Bedraggled, he sat and shivered on the bench seat next to her, with water slowly percolating out of his clothes as she drove. The winter sun shone, true, but it was still bitterly cold to be sitting in a puddle next to an ice-block. His attempt at humor, "Well, I needed a wash after breakfast," had been met with a stony silence. So he sat quietly and thought dark thoughts about women and their traumatic effects on his life. It wasn't very warming. So he tried thinking about how he'd got here.
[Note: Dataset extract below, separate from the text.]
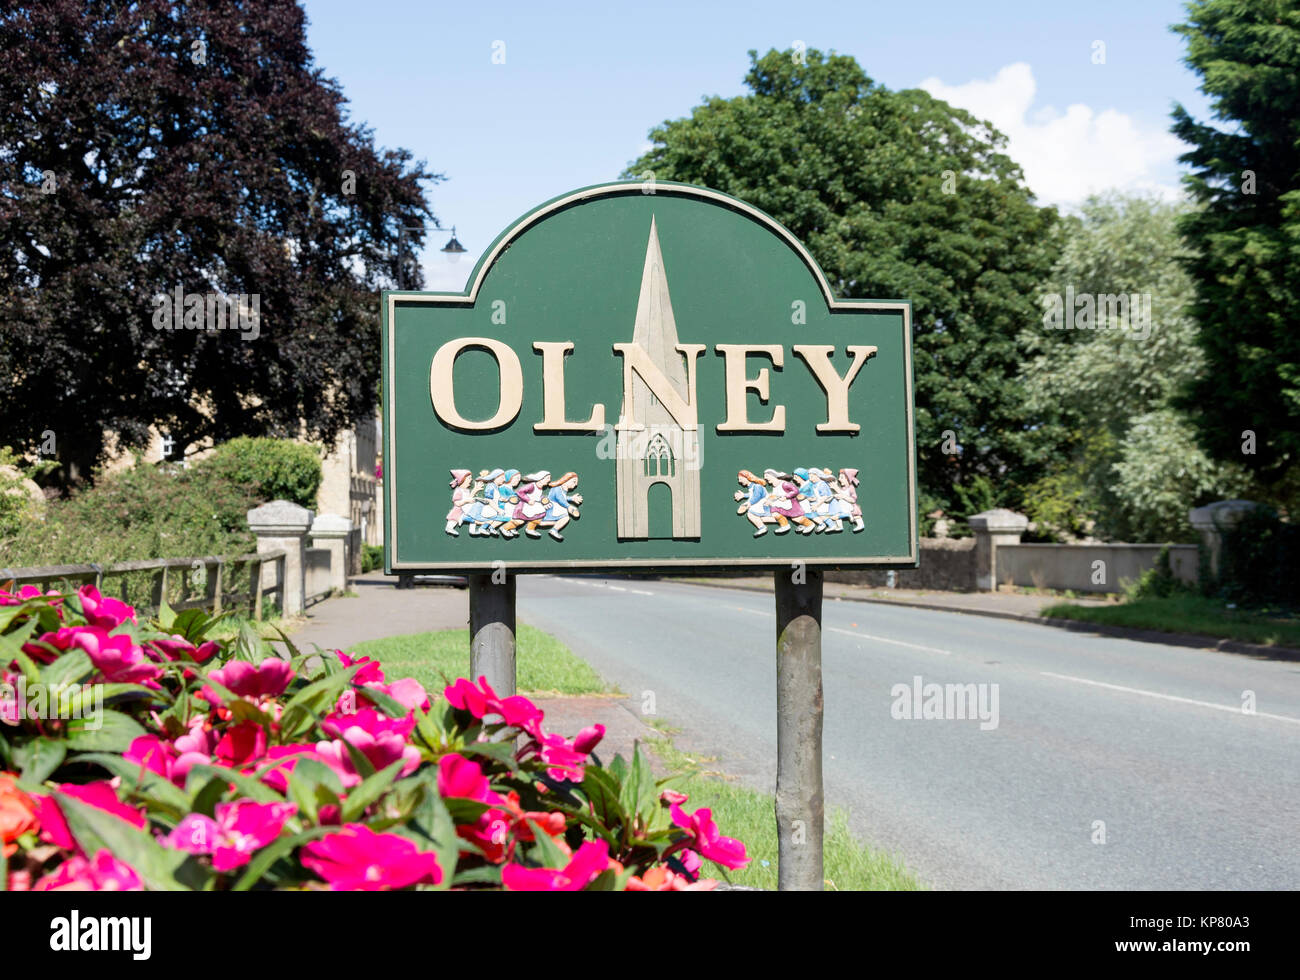 Entrata al paese segno, Bridge Street, Olney, Buckinghamshire, Inghilterra, Regno Unito Foto Stock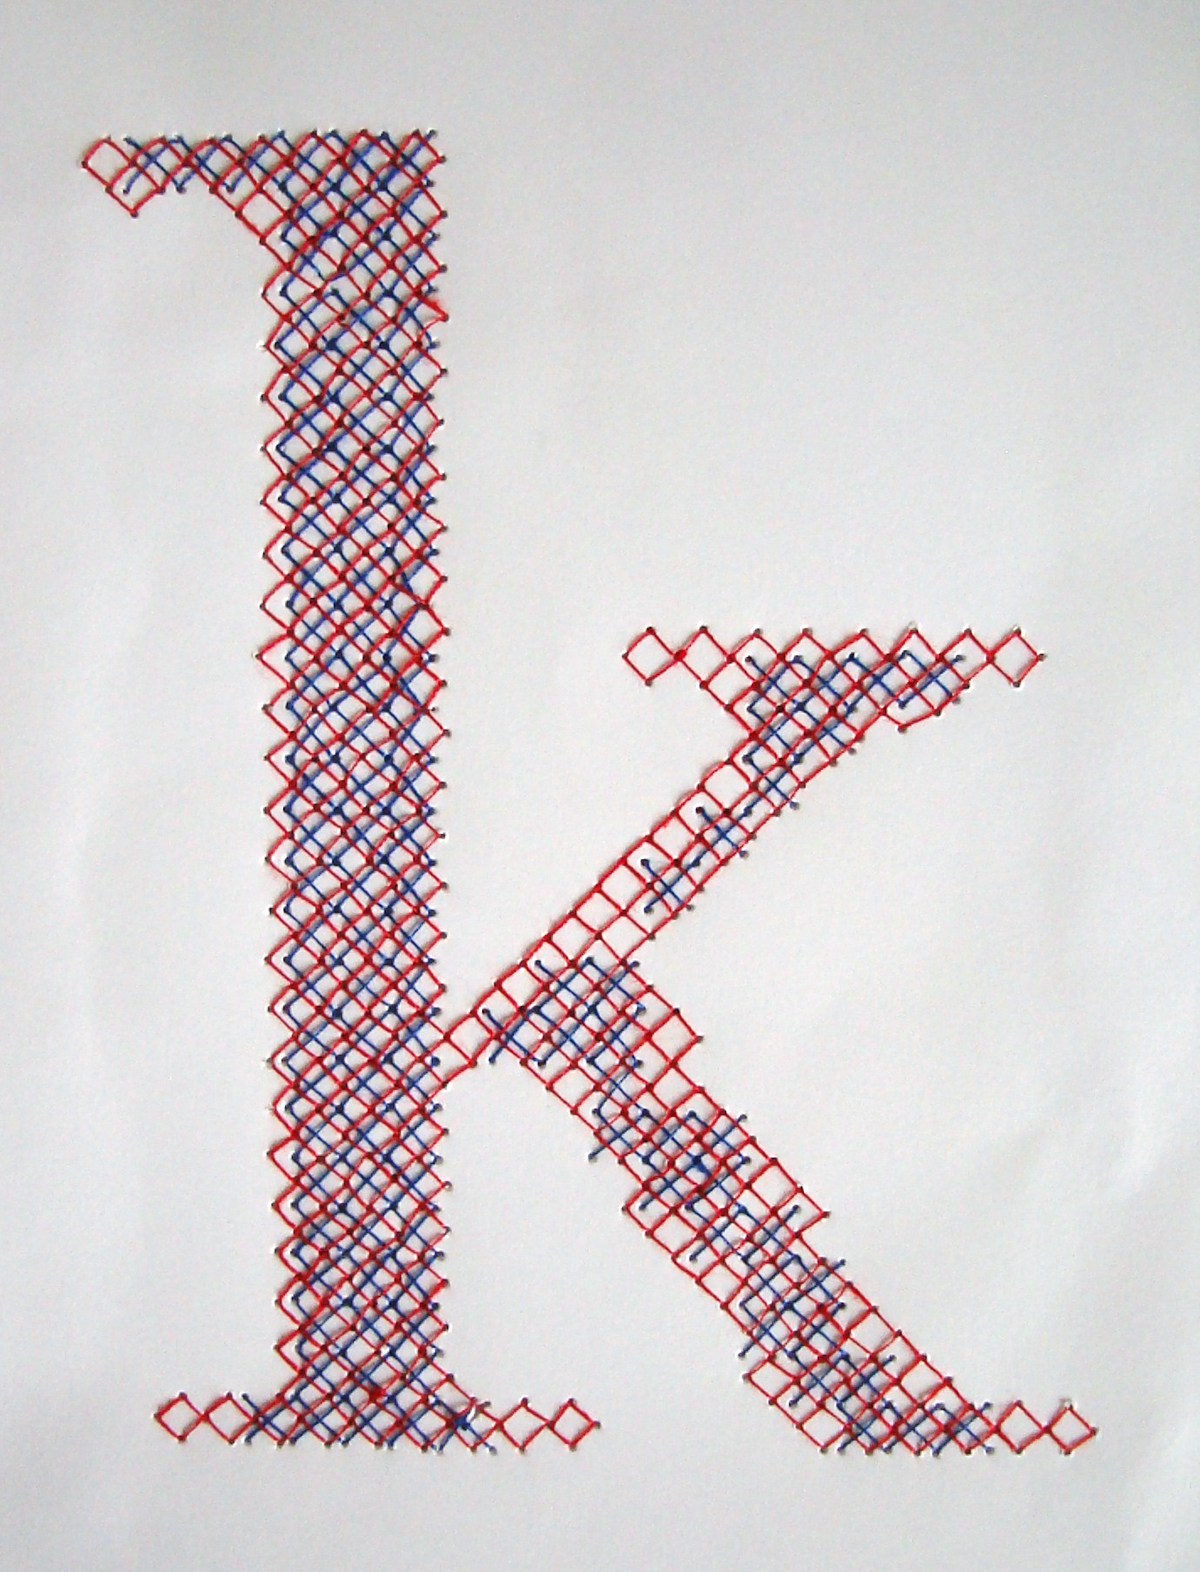 sewing stitching alphabet Georgia

Not for the first time in the last six weeks Squigs wished he had chosen to study something else as the epitome of uselessness. Politics. Or the History of Pre-Columbian European Tobacco Industries. Or even Architectural Aesthetics. But no. He had to go and choose bloody Alchemy. Just because it had seemed so hilarious to find such a department at a university with a towering reputation. Besides, he'd rather fancied the idea of those boat-races. Damn cheek. When he'd gone along to the training session they'd offered to take him on . . . as an oar

Then, when he had applied to the department, they hadn't wanted to accept him. So of course, being thin-skinned and black, it had become Alchemy or nothing. And look where it had got him . . .

He understood, later, much later, why they hadn't wanted him. It had nothing to do with his skin color. It was just that the Department was a "closed shop."

Overabundant gold is no use to anyone.

Squigs had stumbled onto something hidden. Sometimes, the best place to hide something is in open view. Especially when the "open" is the chaos which is an 800 year-old university. How was he supposed to have smelled that the Alchymstic Research Institute hid a real piece of an ancient and magical discipline? The building looked like nothing much, and lacked a name-plate. Generations of students and academics assumed they belonged to some other faculty.

Now Squigs had time to wish that he hadn't forced his way in.

Ah well, it was too late to apologize to old Prof. Selby now. By the seal of Solomon, curse the cantankerous little creature, if he could get out of this lot alive he'd apologize to all of them. Even to that creep Dr. Nisebind, and his time obsession, or at least to their graves. Dr. Nisebind had been the last to go.

Squigs shivered. He could still remember the twisted blue face and foaming green lips of the lecturer. And that had been when the . . . alien creature had been feeling well.

The creepy doctor had looked far better, almost human, when he was dead.